Of the three arguments, I deal first with that which relies upon Healey supra.
Healey
Mrs. Healey, a Head Teacher in Wales, became unwell. She and her Union representative met the Director of Education of the Local Education Authority which was her employer and it was agreed that she would apply for IHRB. She did so, completing a Form. There is no reason to think it omitted the note at the top that indicates that if the application was accepted the applicant was to arrange a termination of employment. Her application was granted; T.P.’s letter to her told her that she should arrange for the earliest possible retirement date to be agreed with her employer, but not, in terms, so far as one can tell, that she was to arrange for her own employment to be terminated, although T.P. shortly thereafter did indicate to her employer that such a termination was to be arranged. The employer sought to make arrangements with Mrs. Healey but to no avail : she was on strong medication and did not return his calls. Eventually the employer wrote to her ;
“I have to confirm, therefore, that the Teachers Pension Agency have been advised that your last day of paid sick leave was the 30 June and accordingly your contract of employment with this authority ended on that date by reason of your retirement on grounds of ill-health.”
Mrs Healey treated that as a notice of termination and sued for damages on the basis that under the Burgundy Book she should have been given notice to expire on 31 December and that she should therefore have received £14,405.00 as salary and £1,310.00 as pension contributions in relation to the notice period.
Mr. Recorder D Wyn Rees dismissed her claim and she appealed.

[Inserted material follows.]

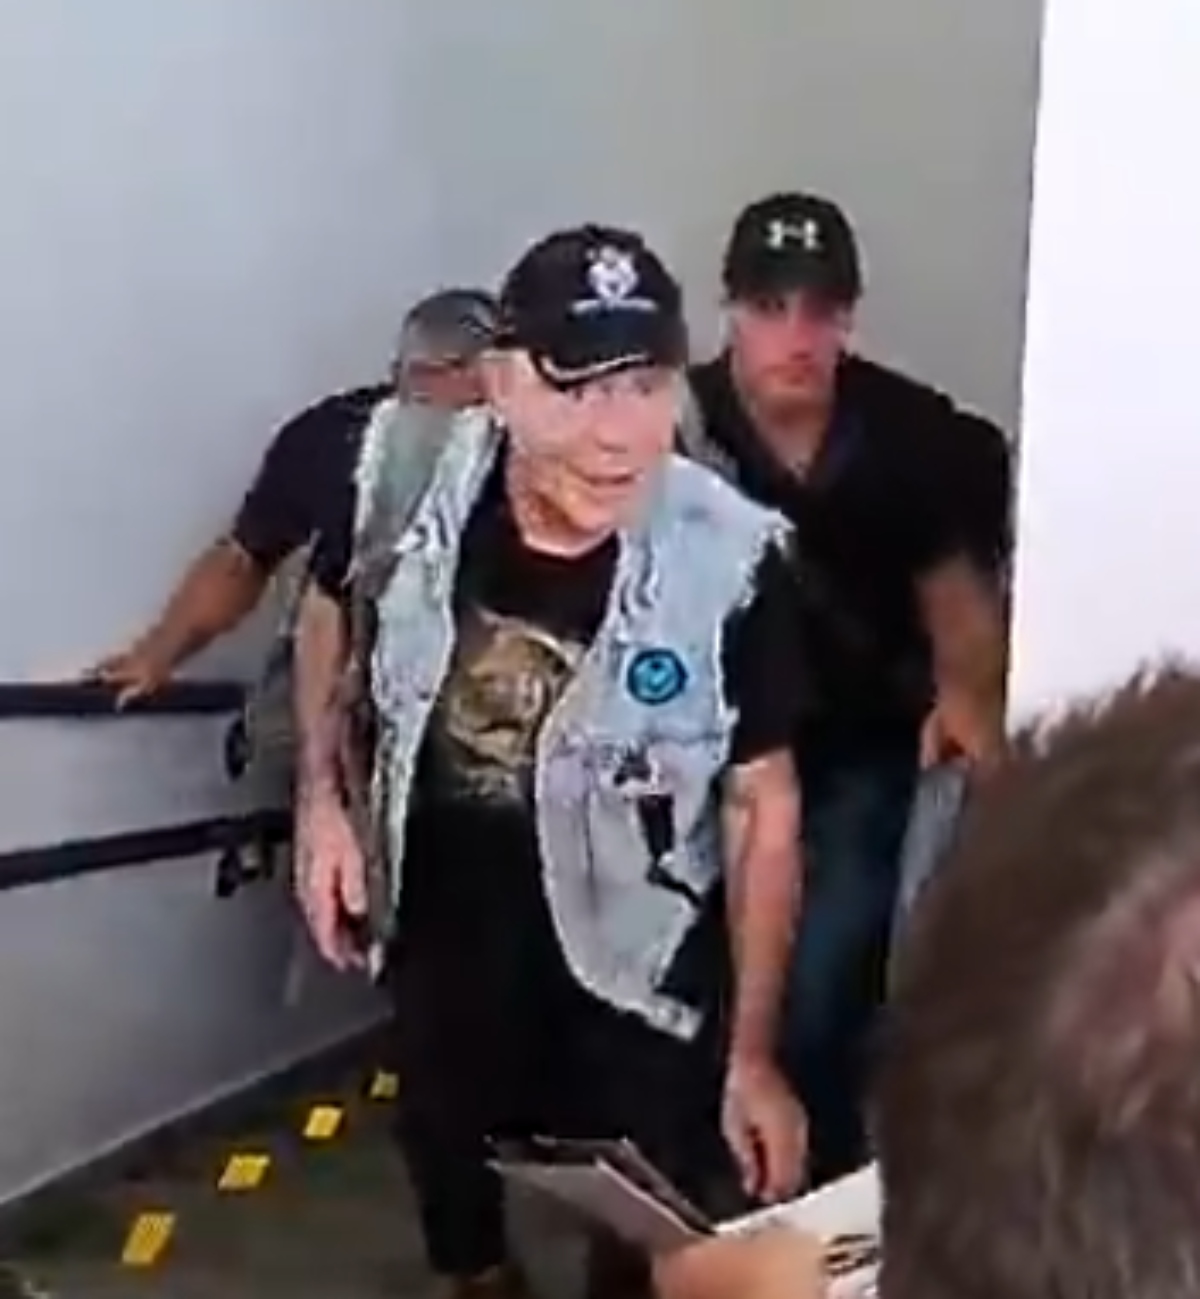 Bruce Dickinson, do Iron Maiden, participa de duelo de esgrima em Curitiba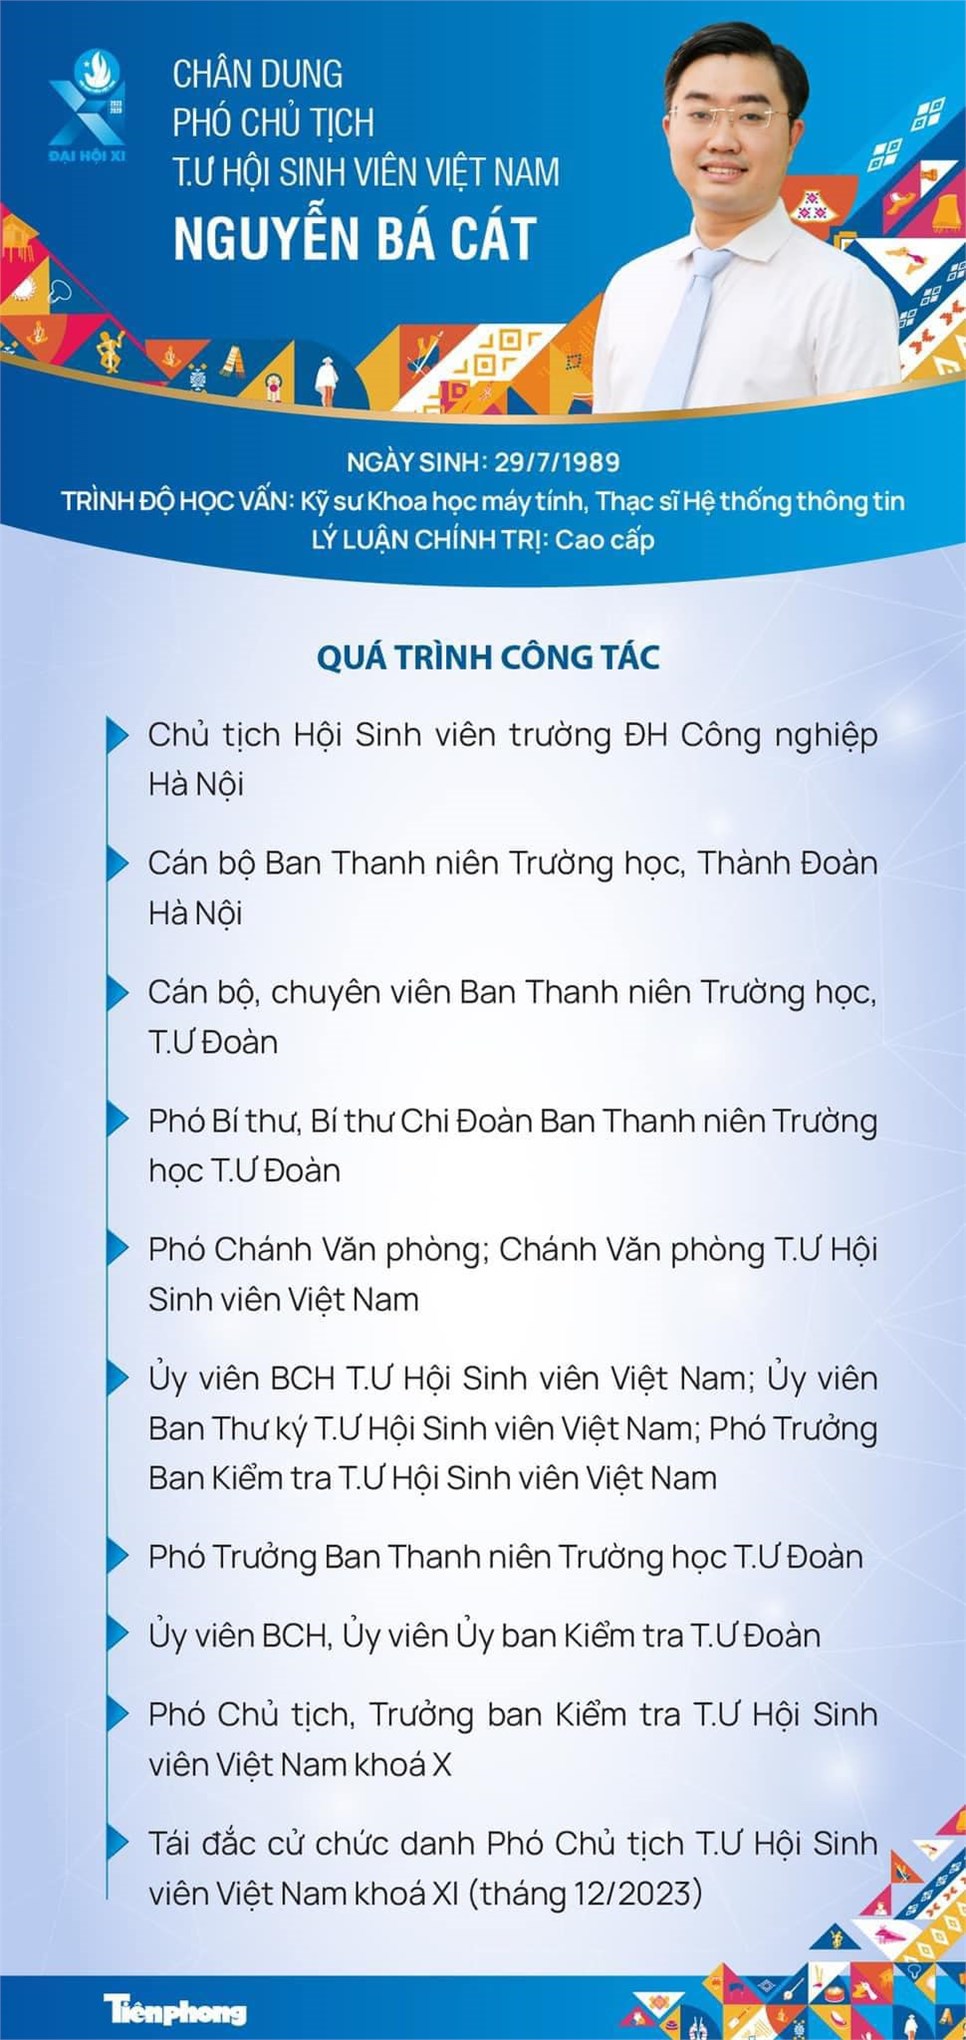 Chân dung đ/c Nguyễn Bá Cát - Phó Chủ tịch TW Hội Sinh viên Việt Nam khoá XI

The judgment of Ward LJ in the Court of Appeal, with which Schiemann and Longmore LJJ agreed, said - (paragraph 4) - of the meeting with the Director of Education;
“There was unchallenged evidence given by Mrs Healey that during the summer or early autumn of 1999 she, with her Union representative, met with the Director of Education and Leisure of the Local Authority, and it was agreed at that meeting that Mrs Healey would make an application for ill-health retirement benefits.”
It is to be noted that at that stage Ward LJ did not ascribe more than that to what had been agreed at the meeting. Later (paragraph 16) he added;
“It seems to me to be plain ( and it is agreed) that at the meeting with the Director, it was not only agreed that the appellant would be applying for ill-health retirement, but that she must at that meeting as I have explained, have conveyed to the Director a decision, as she said, to retire on the grounds of ill-health. That must, in my judgment, amount to a notice of resignation.”
In context the decision referred to can only have been a decision to retire if her application for IHRB was accepted. Later (paragraph 22) Ward LJ continued;
“An objective consideration of the communicated decision to retire, treated as a notice to retire, would carry with it the implication that it was to be effective only if the application for benefit were successful. That condition has been fulfilled. In my judgment the other implication which ineluctably arises from the facts is that her retirement would become effective from the earliest date that benefits become payable.”
A little later (paragraph 23) Ward LJ added:
“If the officious bystander were to determine when that retirement would become effective, he would say, “when the benefits become available to her”.
Describing Mrs Healey’s actions Ward LJ said in, his paragraph 23;
“She was doing two things : first she was applying to a third party for these retirement benefits: but secondly, she was giving her employers notice of the decision to retire”.
In his paragraph 25 he treated that as a notice by Mrs Healey to resign. Her employment, he held, had terminated by reason of “that resignation on the 30June”, that being the last day of pensionable service and the day before her pension of some £16,558 began and on which she was to be paid the lump sum of about £49,000.00.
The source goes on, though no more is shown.